Là je rentre d’une sacrée marée, qui avait commencé par une putain de sacré avarie de dérive sur une caouène au descendant, le bateau sauvé avec l’aide du sourire confiant de mon équipière, et la marée aussi, puis un rassemblement à 5 bateaux à Arguin pour une belle soirée et la nuit, puis une belle bagarre au près le dimanche matin contre le descendant, jusqu’à l’abris de la dune d’el Palomar pour reformer une grappe de voiliers conviviaux avant de retourner au mouillage d’un coup de génois vent arrière.

Je reviens avec quelques détails dès que possible…

L’avarie : rupture du câble de palan de dérive avec dérive en avant, plantée dans le sable d’une caouène, marée descendante coef. 110. vous voyez le topo ? Sans blaguer, j’ai vraiment cru perdre le bateau, ou pas loin, au moins la Grôsse avarie bien velue.

Déroulement

Arriver sur la presqu’île pour récupérer le Yamaha après nettoyage de carbu (ma galère précédente pour rallier la 680 connexion).

Quitter le mouillage in extremis, vers 11:00, alors que la marée descend, vite (le coef. de 110 en ce samedi 11/09).

Direction Arguin pour une concentration de joyeux voileux festifs.

Pas de vent.
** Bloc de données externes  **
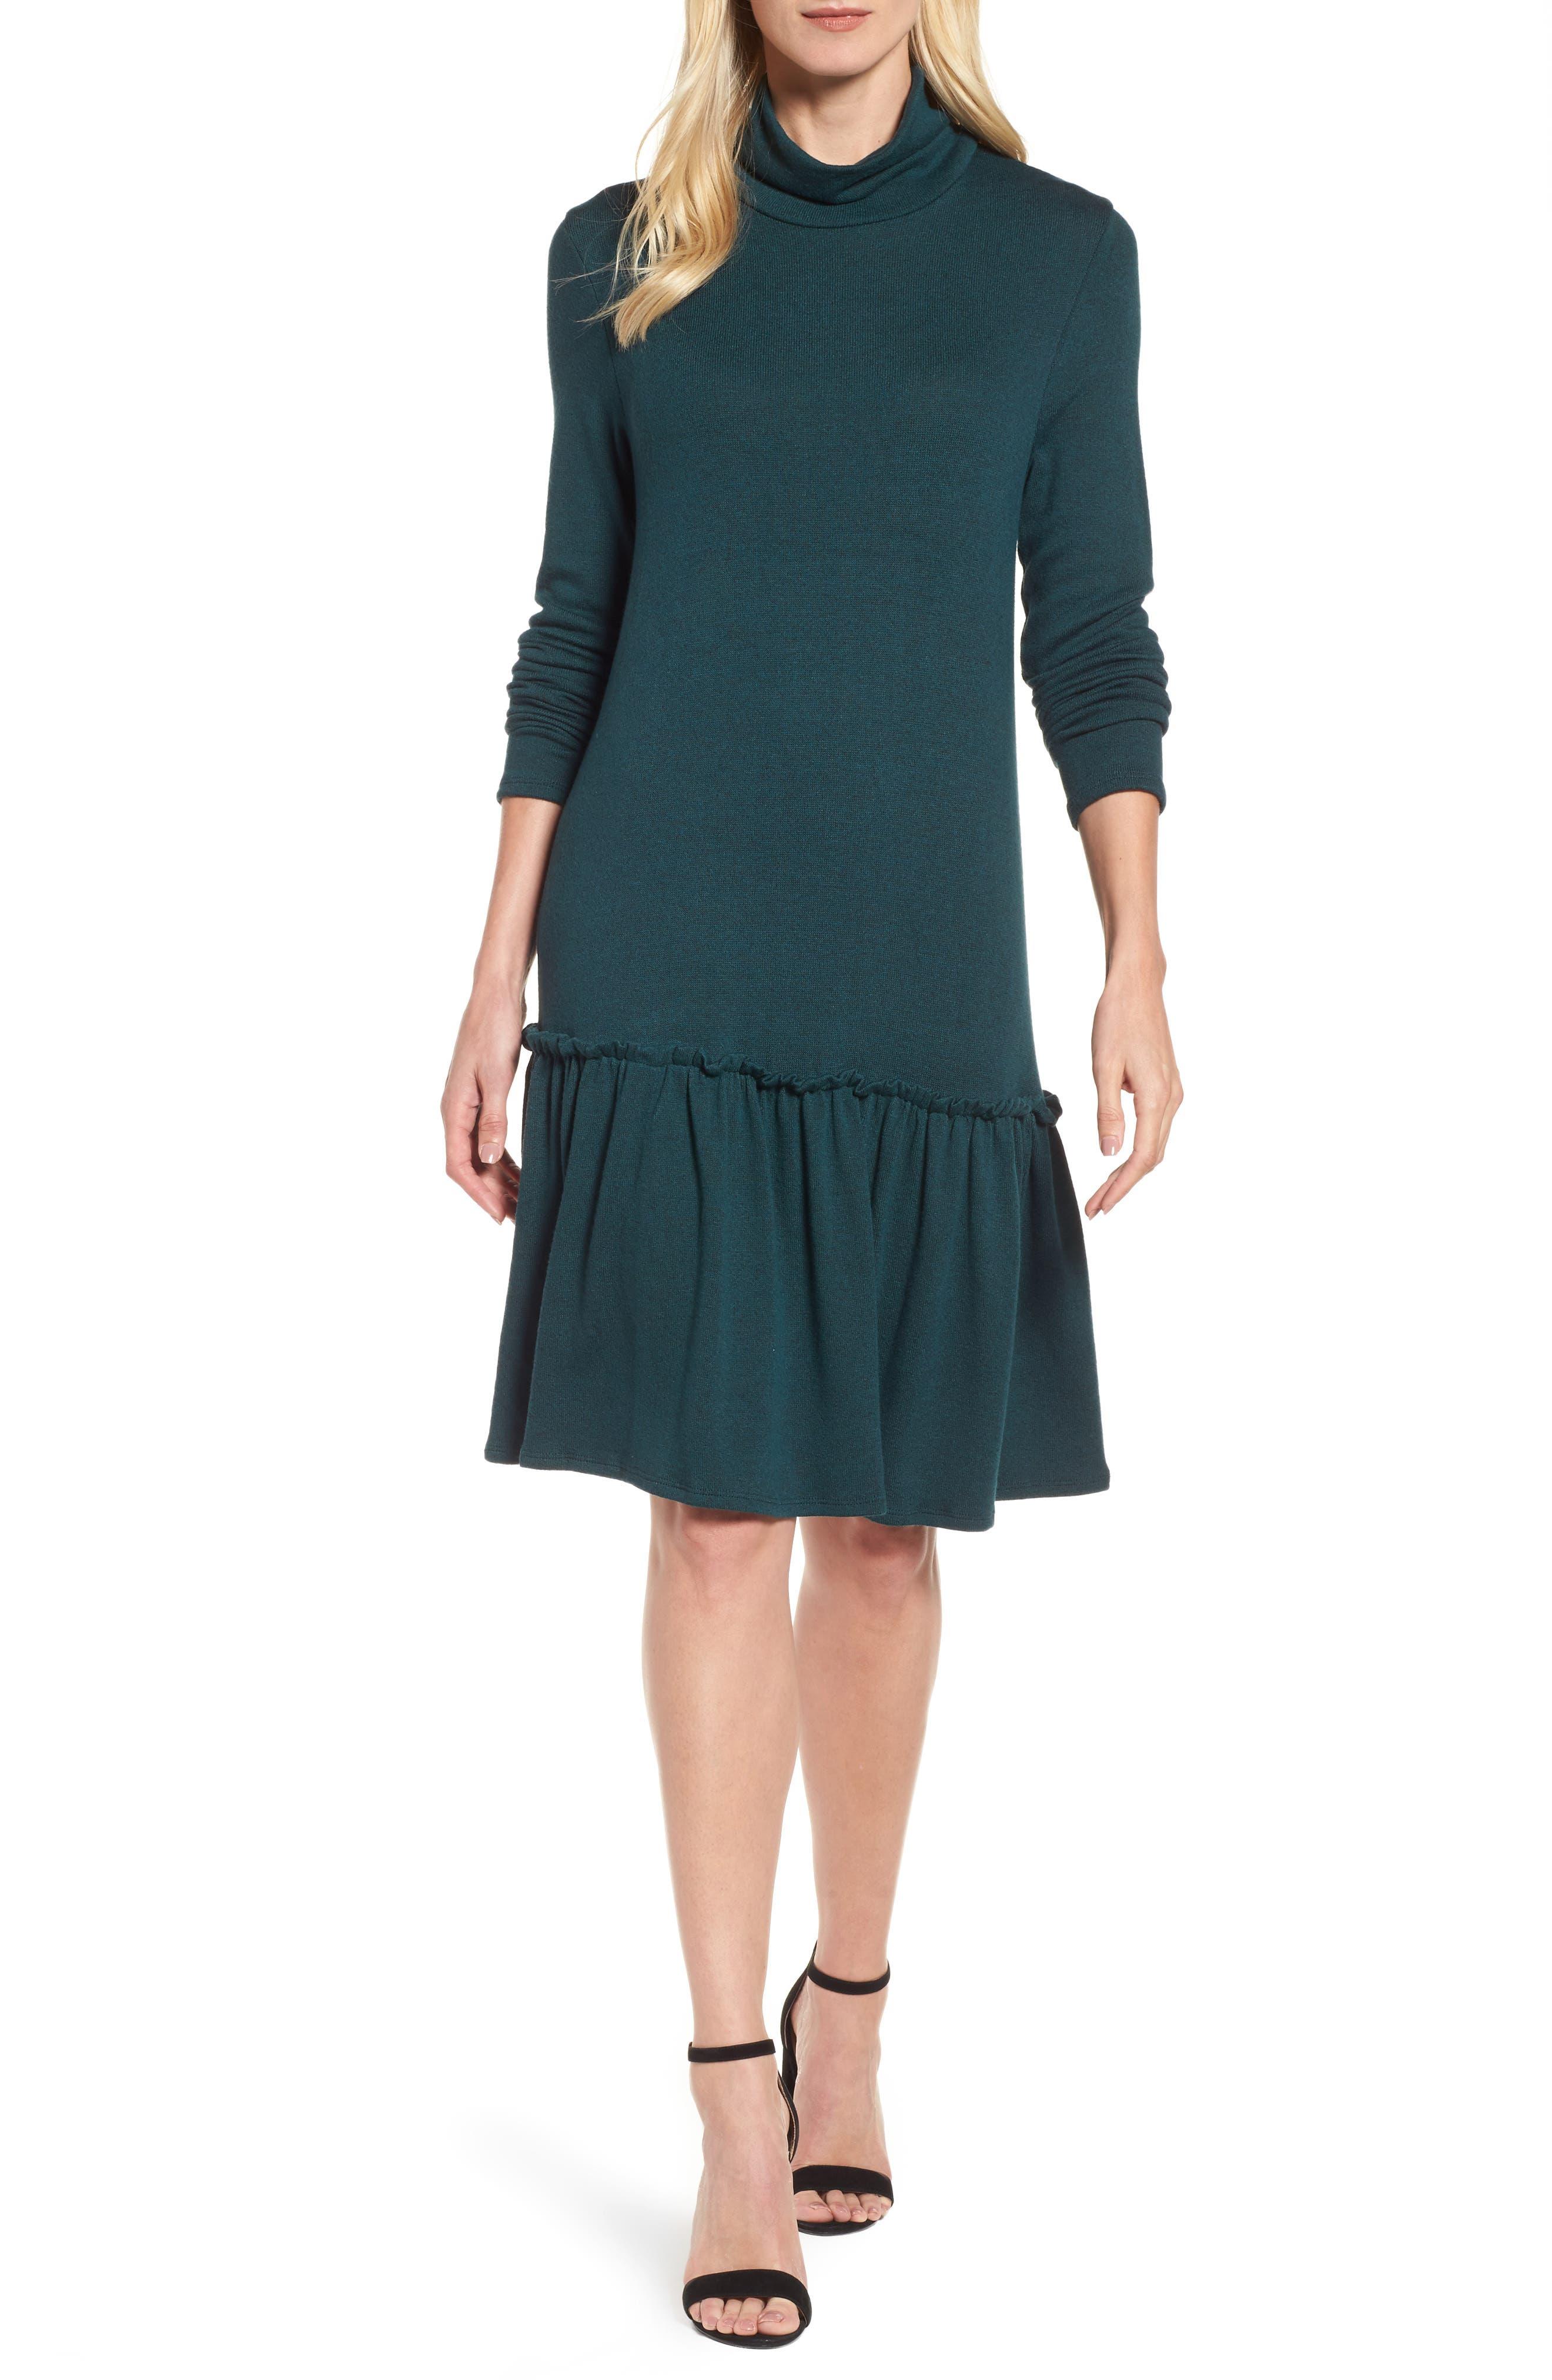 Ruffle Hem Turtleneck Dress,                         Main,                         color, Green

Route au moteur tandisque j’instruis doctement Lucile des plaisirs et risques de la plaisance sur notre petite mer, et notamment des abus de recours aux dévoués sauveteurs de la SNSM pour de simples imprudences non vitales, tels les échouements… jusqu’à ce que, BANG !

Dans la cabine, drôle de bruit pas bon du tout, la table a sursauté et le bateau se met travers au courant. La dérive a heurté une caouène. Ça c’est sûr et presque habituel. Mais pourquoi le bateau est-il bloqué ? Je mets l’ancre. Piouh ! Quel jus ! Pas évident de descendre à l’eau. De l’intérieur, je dépose la table : salade de palan, câble cassé à ras du sertissage côté dérive, dérive en bas, vous savez ? En avant.

L’accident

Tentative 1 : moteur à fond face au courant. Le but : ressortir par là où je suis arrivé, et non pas s’enfoncer davantage sur le banc. Pas moyen d’avancer. Aussière d’ancre au winch. Pas mieux.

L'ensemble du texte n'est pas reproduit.